(INFORMATION PROVIDED Opens)
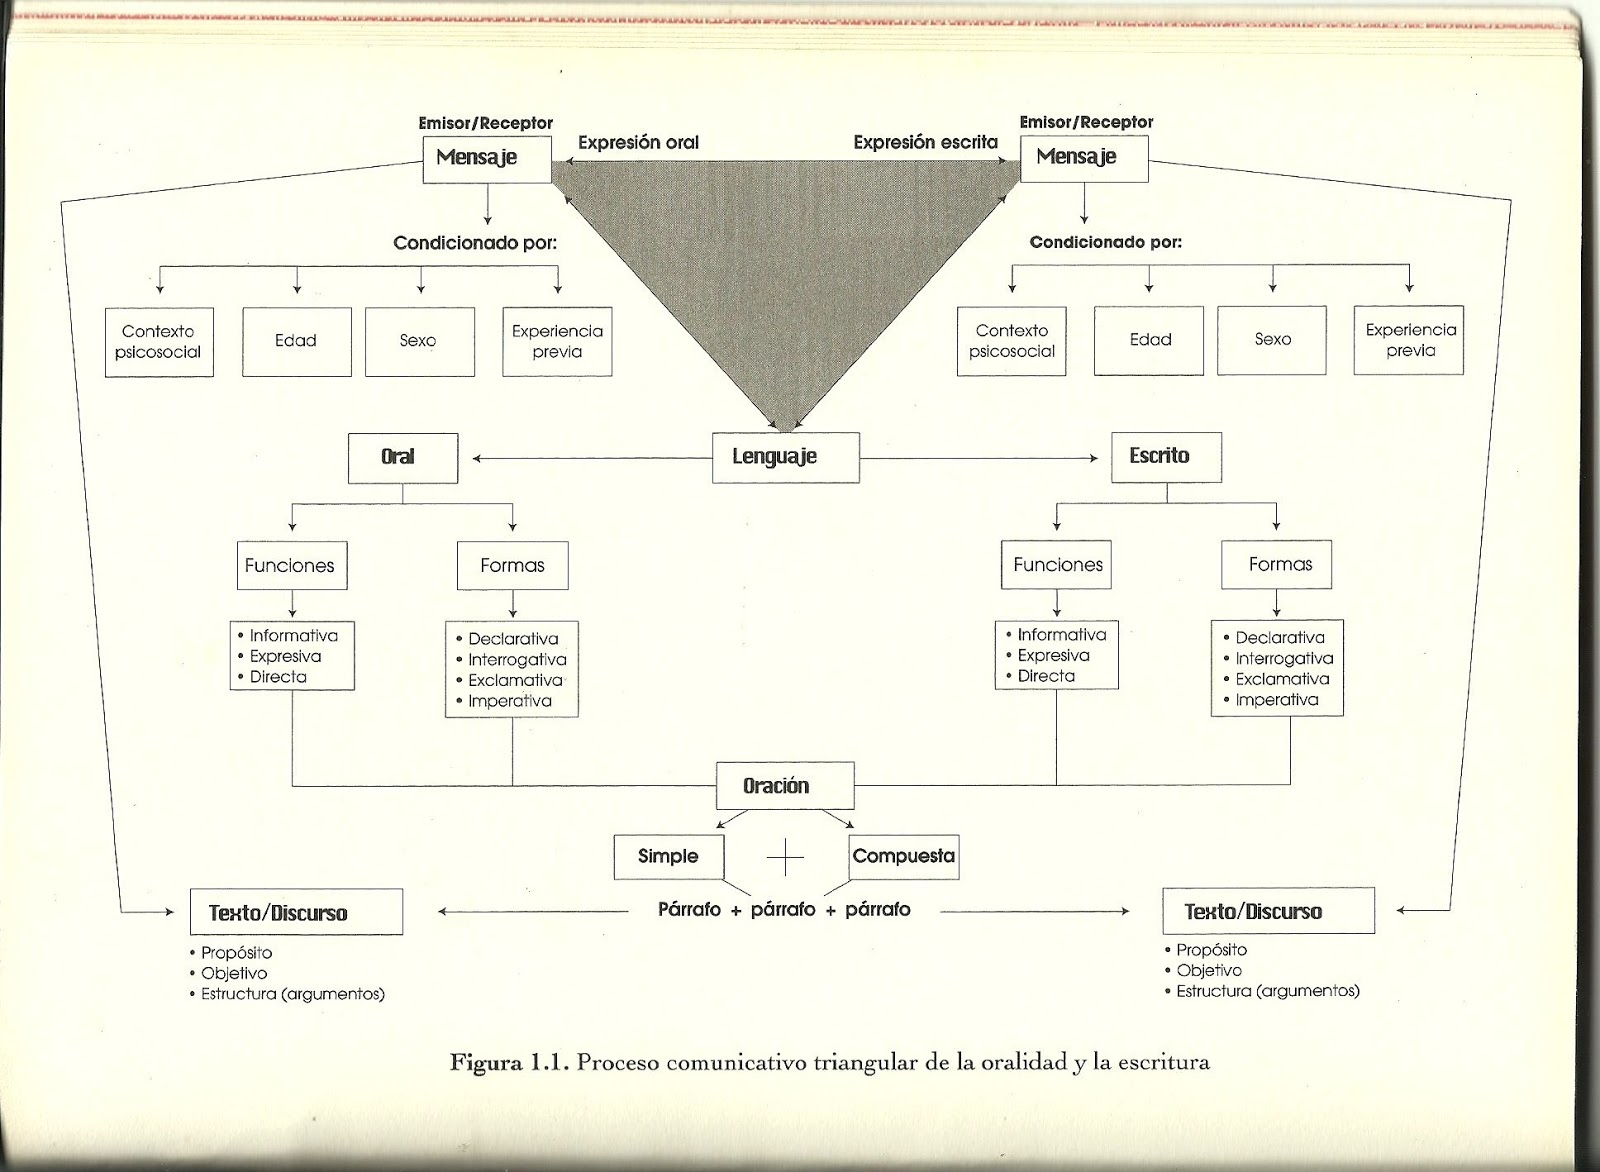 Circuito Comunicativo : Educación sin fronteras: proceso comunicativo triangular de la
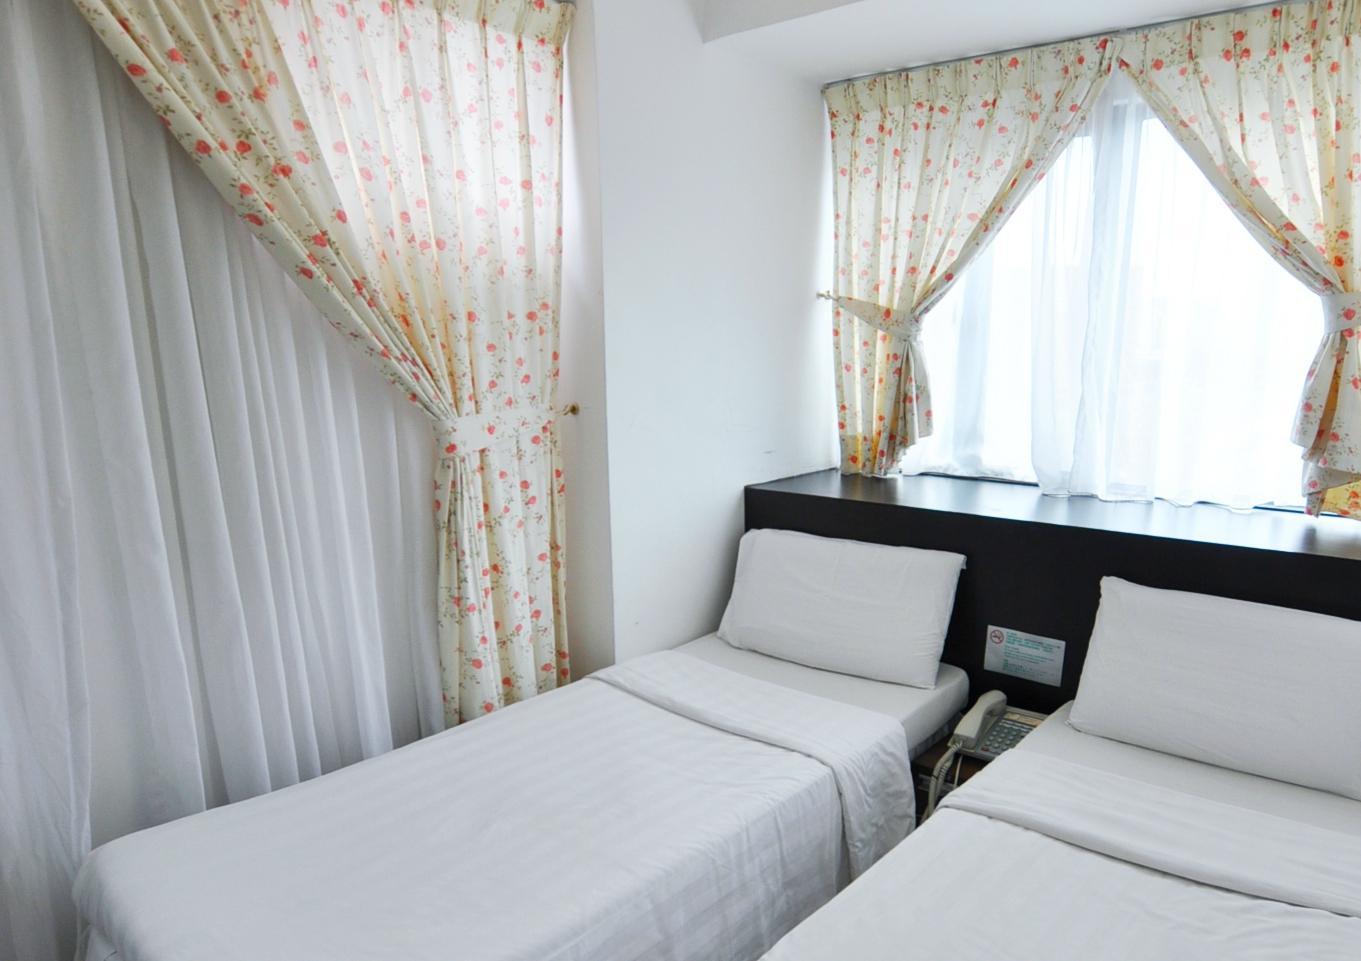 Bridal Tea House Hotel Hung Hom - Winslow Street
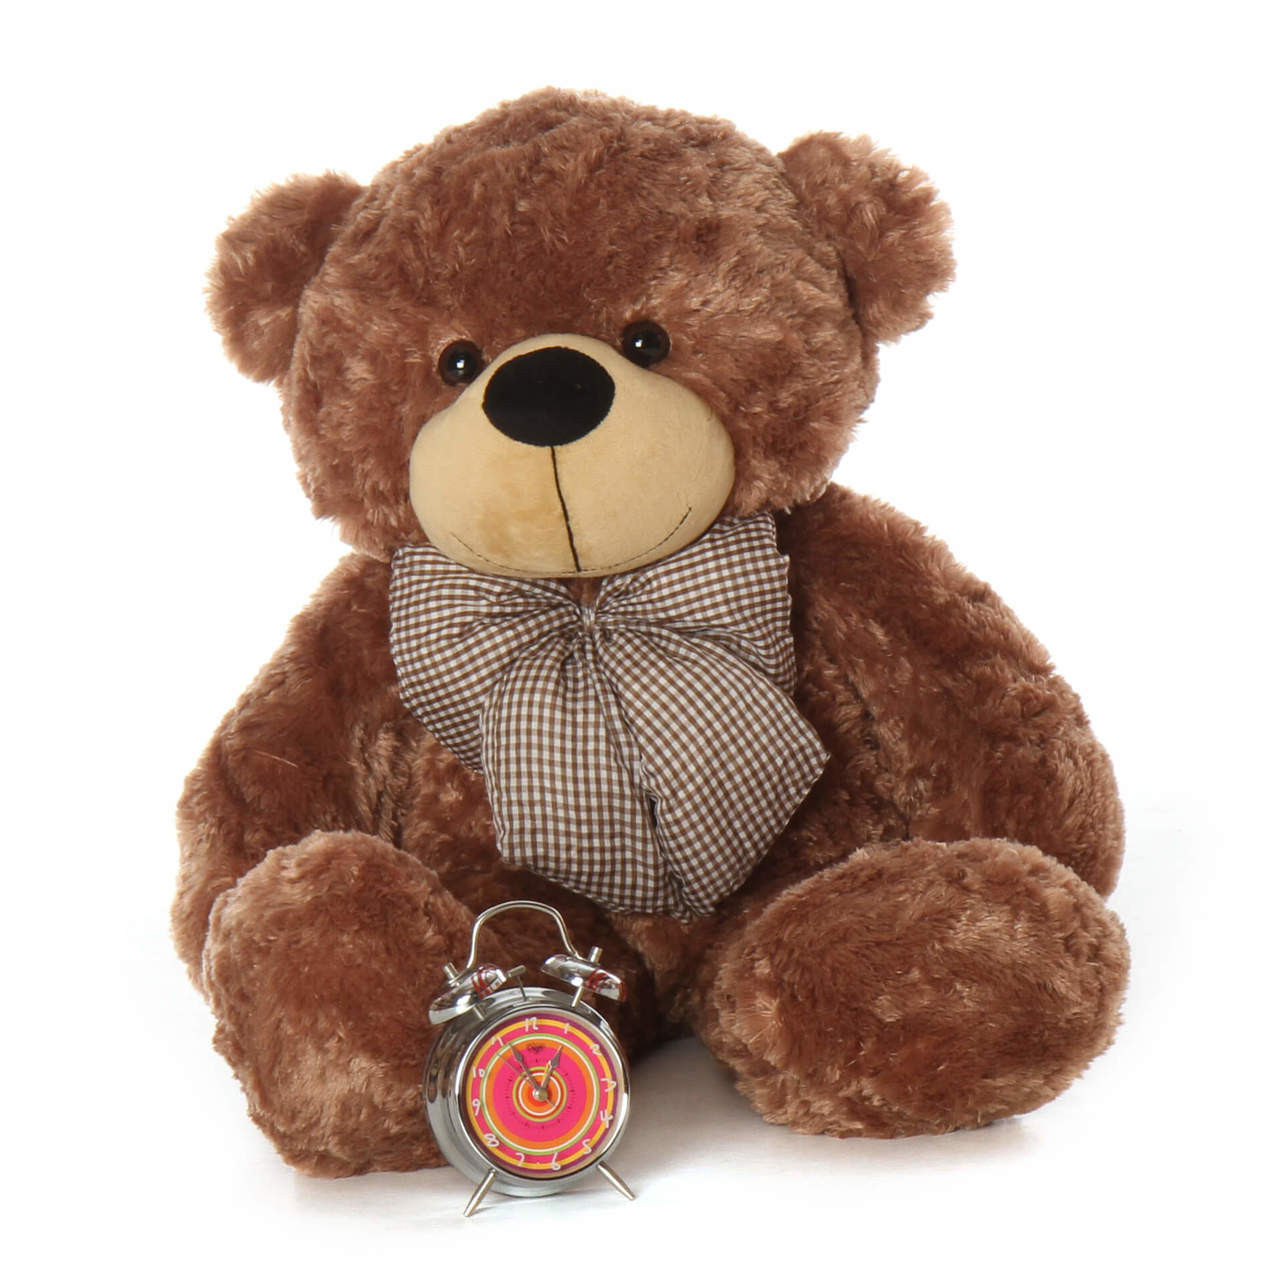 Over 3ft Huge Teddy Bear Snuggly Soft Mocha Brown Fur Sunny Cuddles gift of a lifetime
(INFORMATION PROVIDED Closes)
### HOW TO COMPLETE THIS TASK
What you give back must be exactly the lines of the listing above from the line containing "Bridal Tea House" through its last line, inclusive, without pictures, please.

### ANSWER
 Bridal Tea House Hotel Hung Hom - Winslow Street
 Over 3ft Huge Teddy Bear Snuggly Soft Mocha Brown Fur Sunny Cuddles gift of a lifetime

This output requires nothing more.